Vendor partnerships key to optimizing supply chain management

Understanding the causes of equipment schedule delay is essential in order to establish plans to mitigate future delays in supply chain activities of major offshore projects.


Bryan Kendig

SBM Offshore

In 2013, Douglas-Westwood published a study that found 30 of 45 FPSOs installed worldwide between 2008 and 2012 suffered schedule delay. Reasons cited include project complexity, difficult regulatory requirements, an imbalance of risk in favor of project owners at the expense of contractors, organizational learning issues, and supply chain issues. While the author’s company can provide data to illustrate a different, more positive trend, this article is written to address the negative perception of schedule slippage that afflicts the entire industry, including both project owners and contractors. Understanding the causes of equipment schedule delay is essential in order to establish plans to mitigate future delays in supply chain activities of major offshore projects.

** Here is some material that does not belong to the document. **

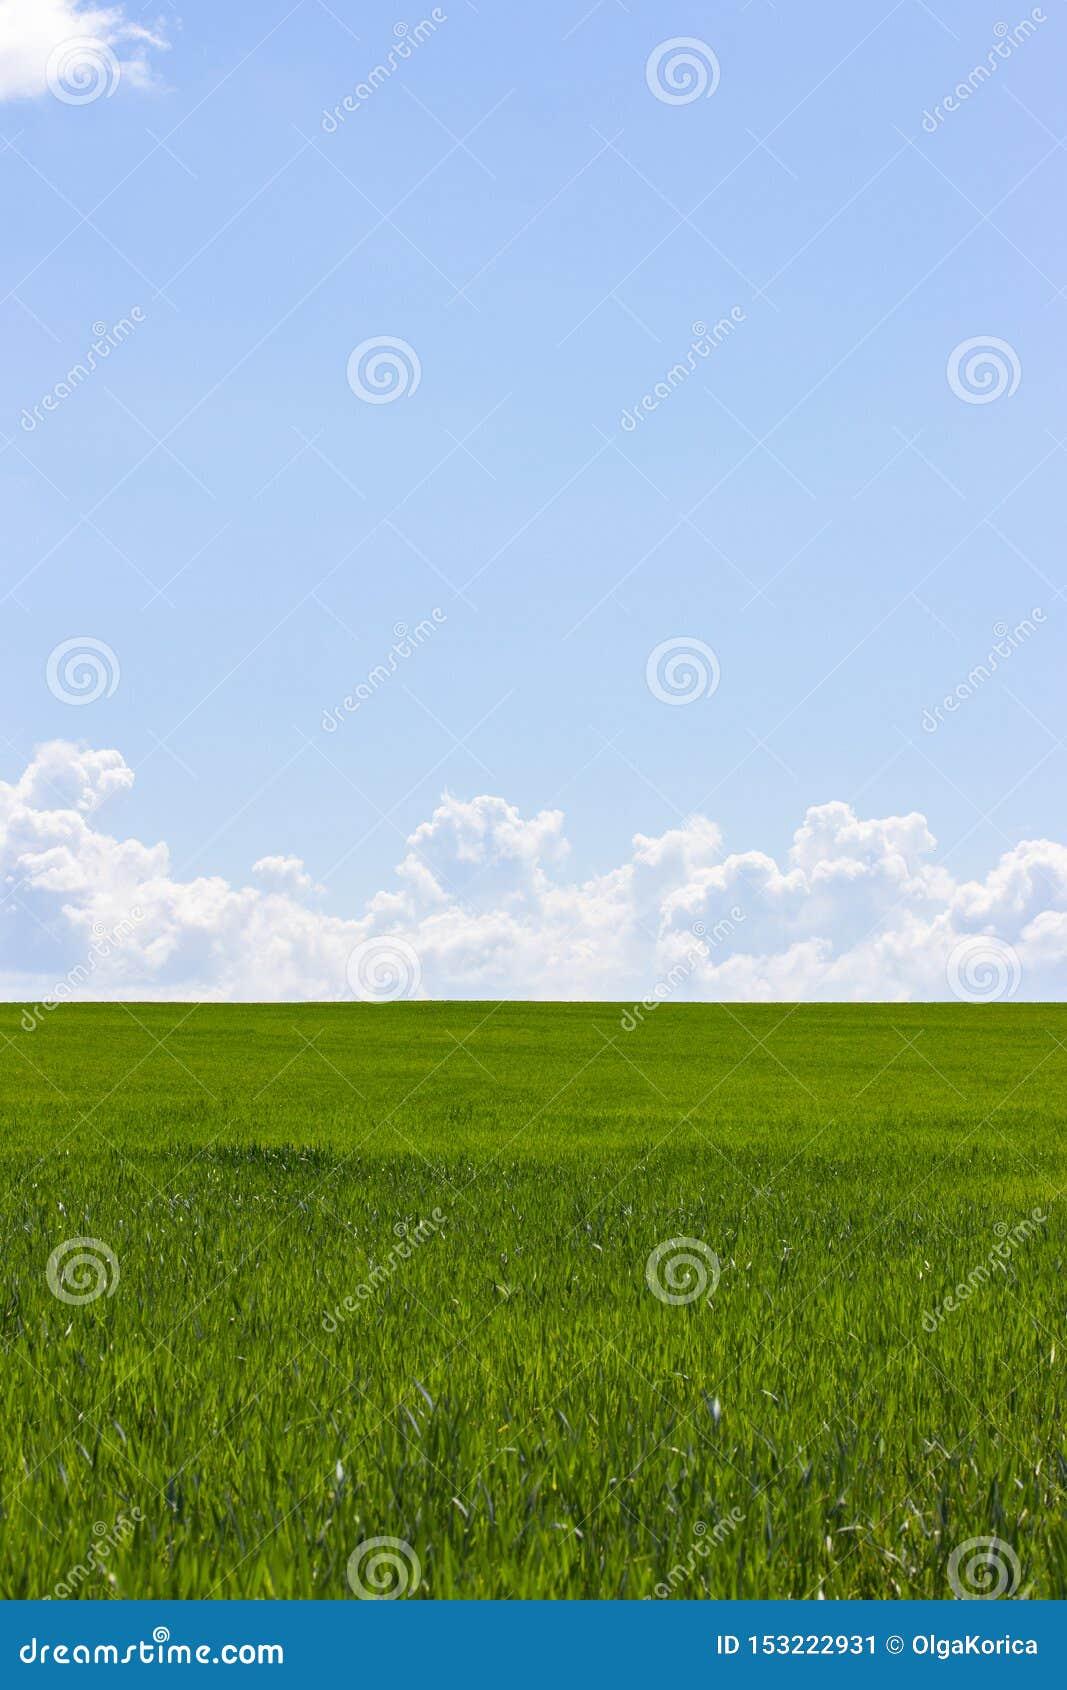 Grünes Feld und blauer Himmel mit weißen Wolken, die Hintergrundtapeten-Landschaftsvertikale Ländliche Landschaft mit Weizensprös

Equipment supply chain complexity

The three equipment supply chains that serve the major project sector are segmented to match the main components of the offshore production facility: hull, mooring, and topsides. The vendors to each of these main components exist in different environments. These environments are characterized by differences in the variety of industries served by a vendor’s products, level of customization of a vendor’s products, and the way in which vendors relate to their customers (buyers).

The key message is that the equipment supply chain for manufacturing an offshore oil and gas facility is complex, not simple. This complexity calls for a certain degree of specialization to be present within a supply chain management organization. Specialization enables supply chain management to better anticipate and mitigate the risks that are associated with the complexity.

The equipment supply chain can behave differently depending on whether the buying organization is mainly in the engineering, procurement, and construction (EPC) business or mainly in the production operations business (operator). This can be seen in the behaviors of equipment vendors. For example, when a vendor is bidding to multiple EPC companies, and each EPC is competing for the same project, it is not unusual for the vendor to save significant bidding costs by initially, only lightly reviewing specifications, offering a generic bid to all EPCs. The vendor may then delay a thorough review of the specification until the market reveals the EPC winner. This package bidding model is likely an unintended consequence of the contracting model employed by project owners with their EPCs. It has led vendors to expect that they will be given another chance to bid the project. Such a model can inhibit the vendor’s understanding of the specification requirements, manifesting in a quality, cost, or schedule impact at a later date. It is also detrimental to a front-end engineering and design (FEED) effort that is supposed to result in approval ready, draft purchase orders for packages of equipment.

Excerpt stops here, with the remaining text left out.